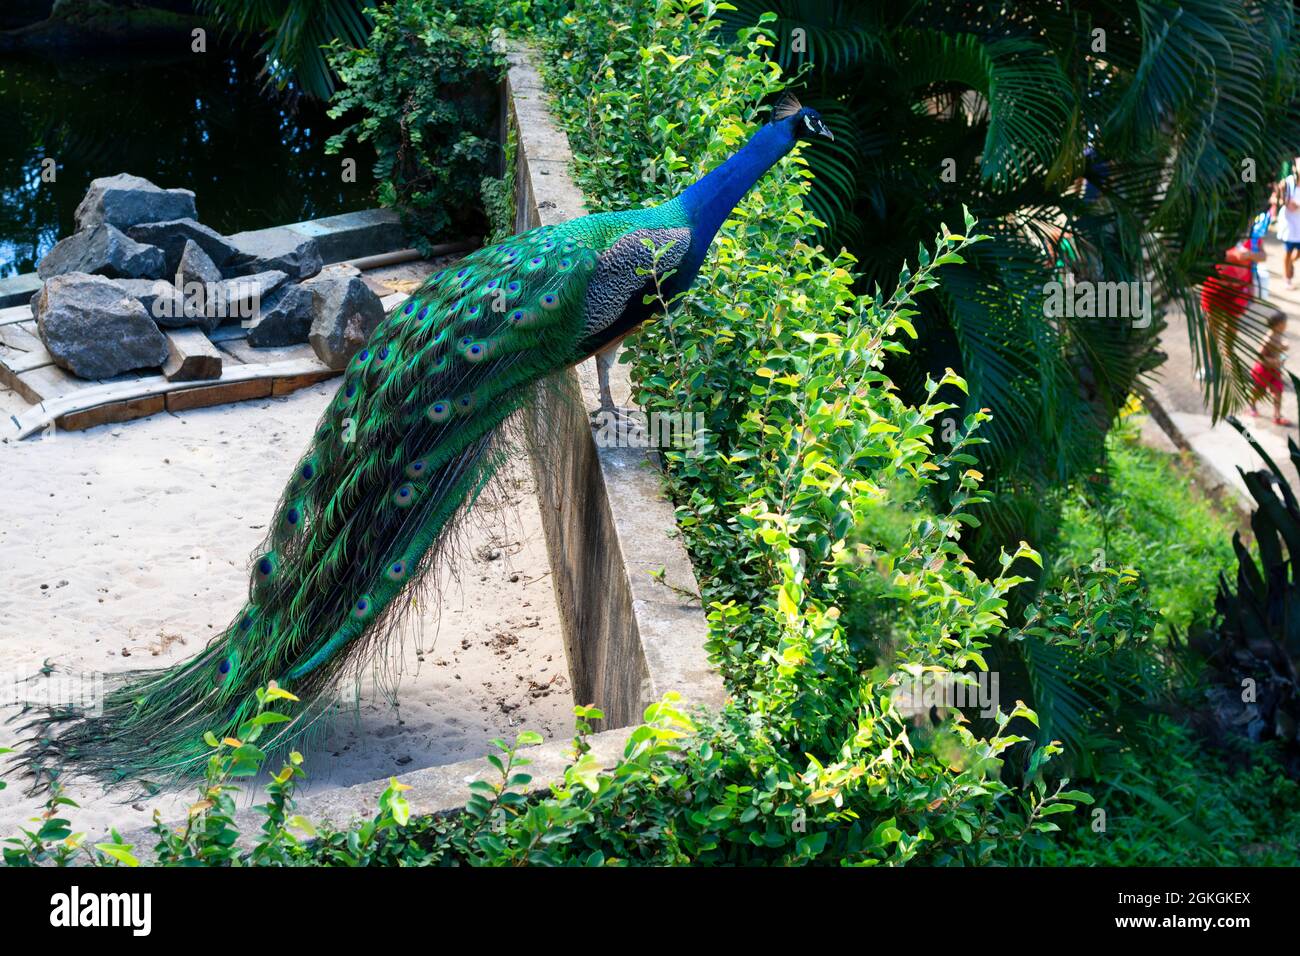 https://c8.alamy.com/comp/2GKGKEX/colorful-peacock-exhibiting-at-the-zoo-in-salvador-bahia-brazil-the-birds-of-the-genus-pavo-and-afropavo-of-the-pheasant-family-are-called-peacock-2GKGKEX.jpg
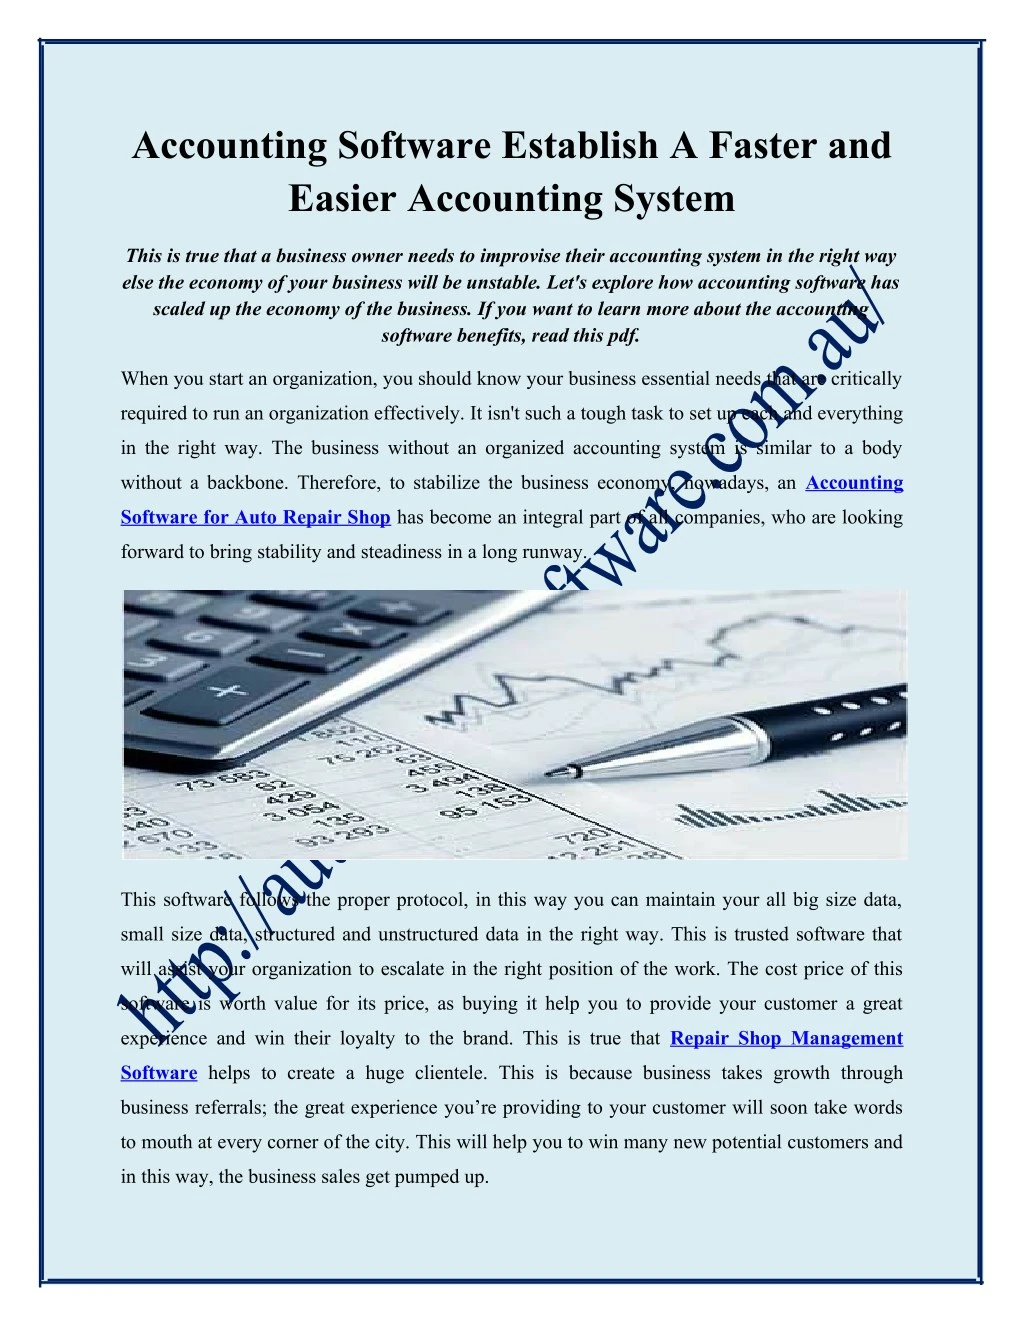 accounting software establish a faster and easier
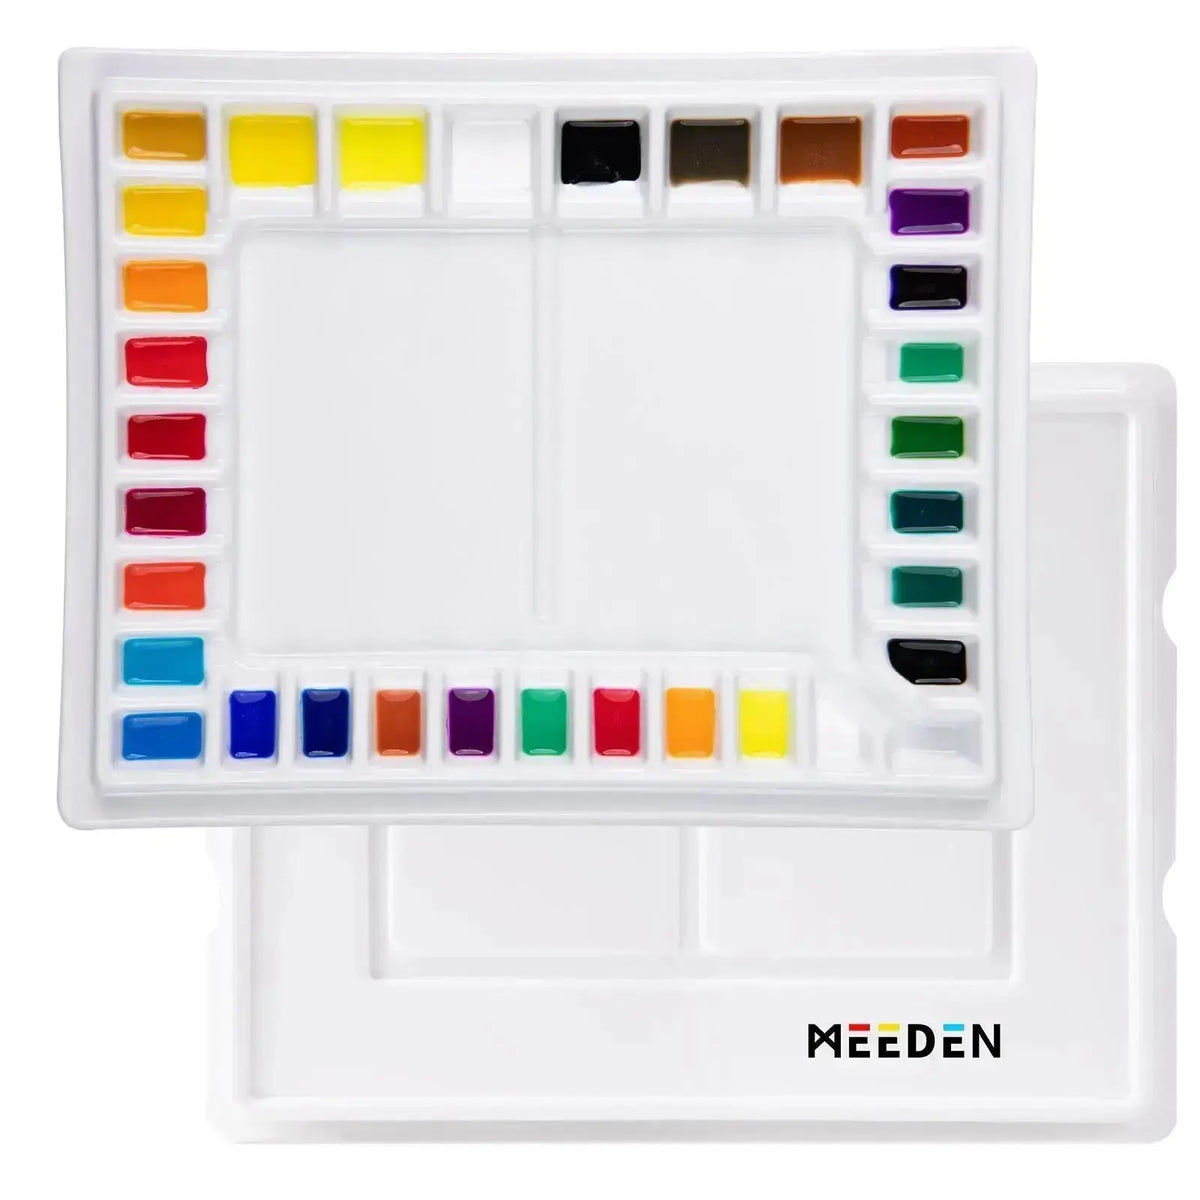 MEEDEN 33-Well Porcelain Painting Palette with Plastic Cover
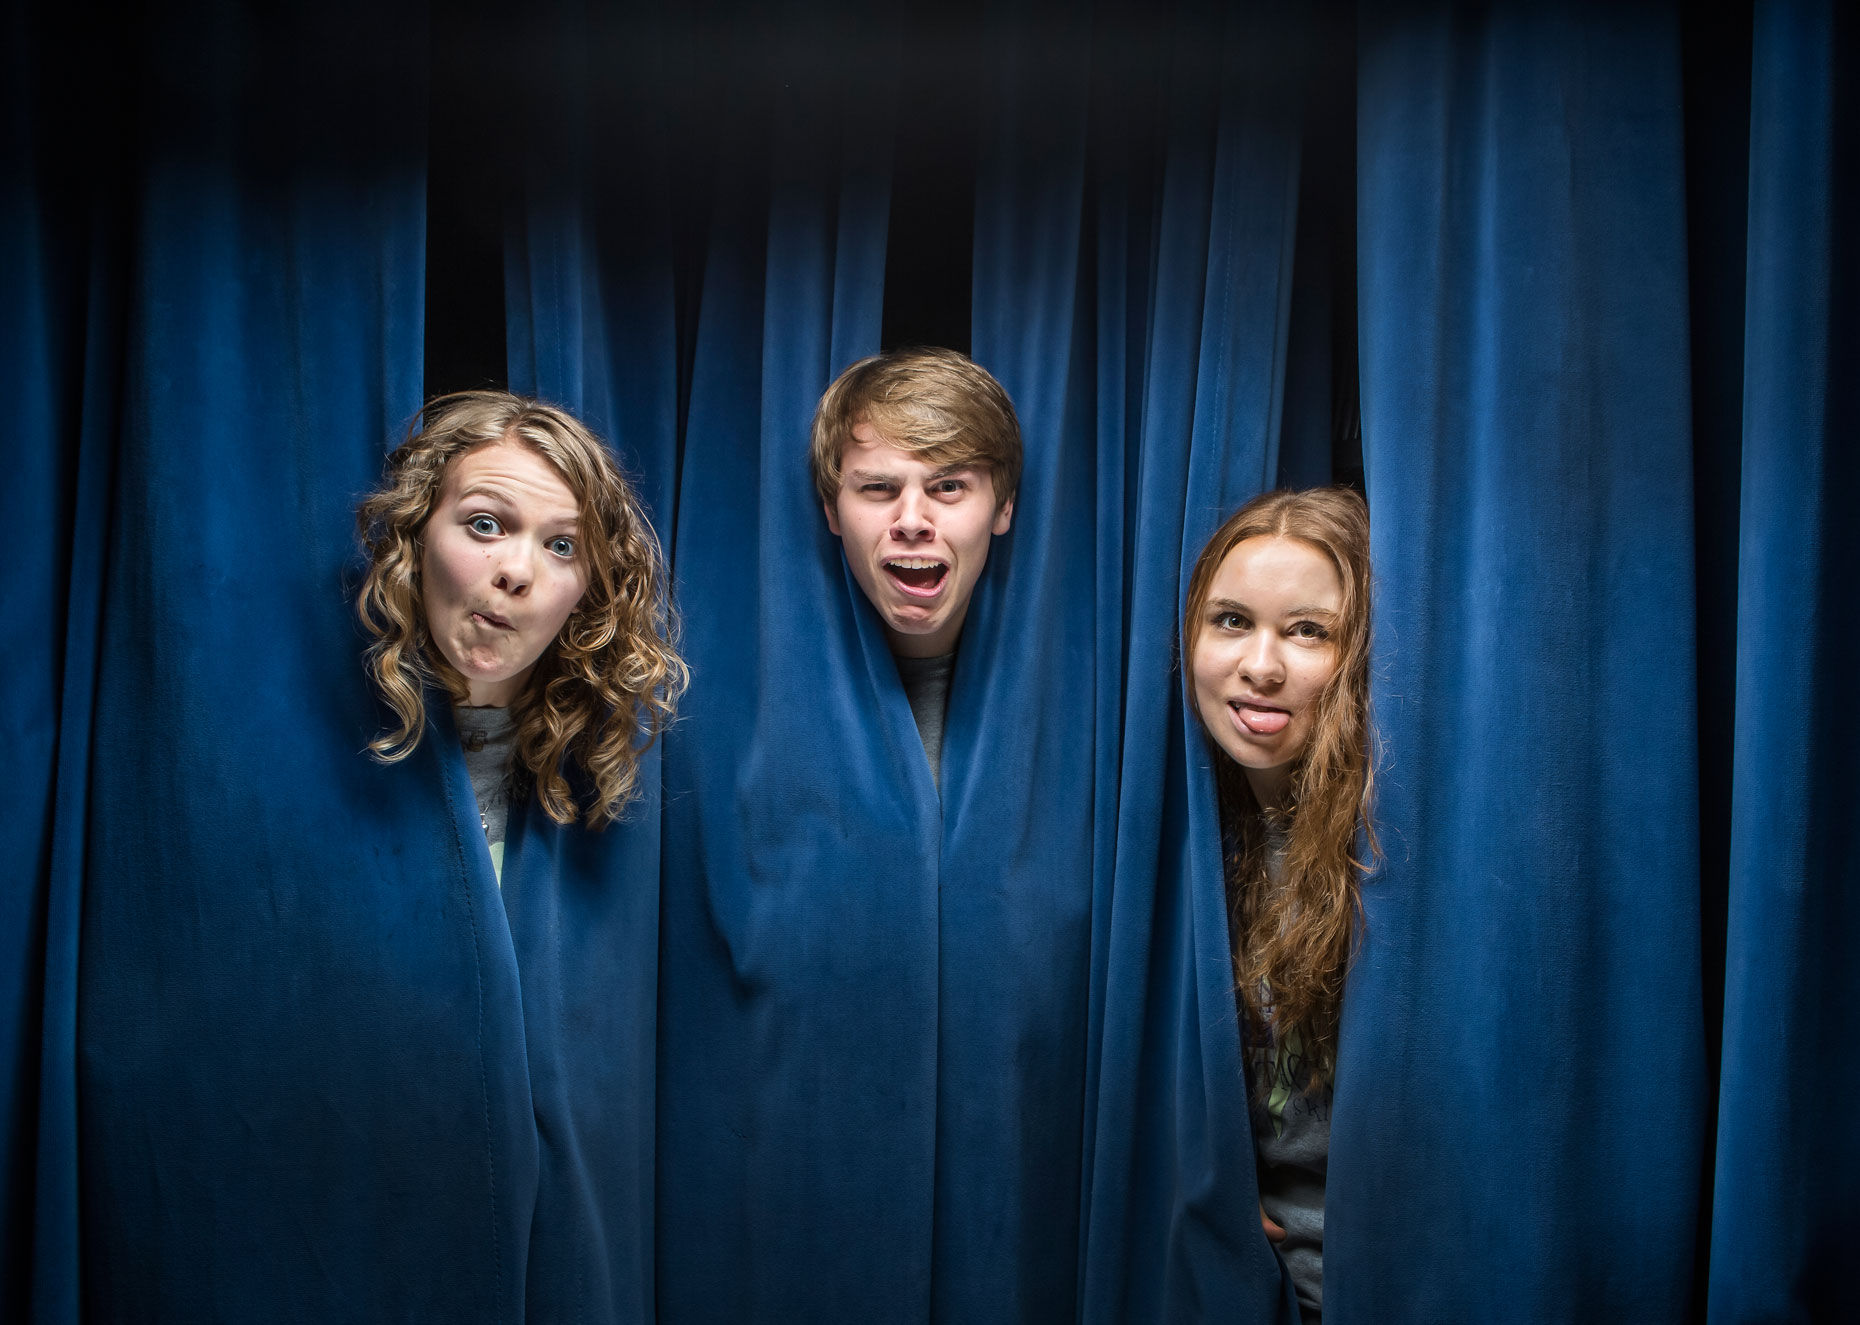 editorial photographer Milwaukee - young actors make silly faces through a blue stage curtain

WHAT YOU SHOULD DO - Reproduce precisely the lines of the listing above, from the line containing "accounting software establish" to the last line, both ends included. Pictures are to be omitted.

TASK RESULT -
 accounting software establish a faster and easier
 MEEDEN 33-Well Porcelain Painting Palette with Plastic Cover
 editorial photographer Milwaukee - young actors make silly faces through a blue stage curtain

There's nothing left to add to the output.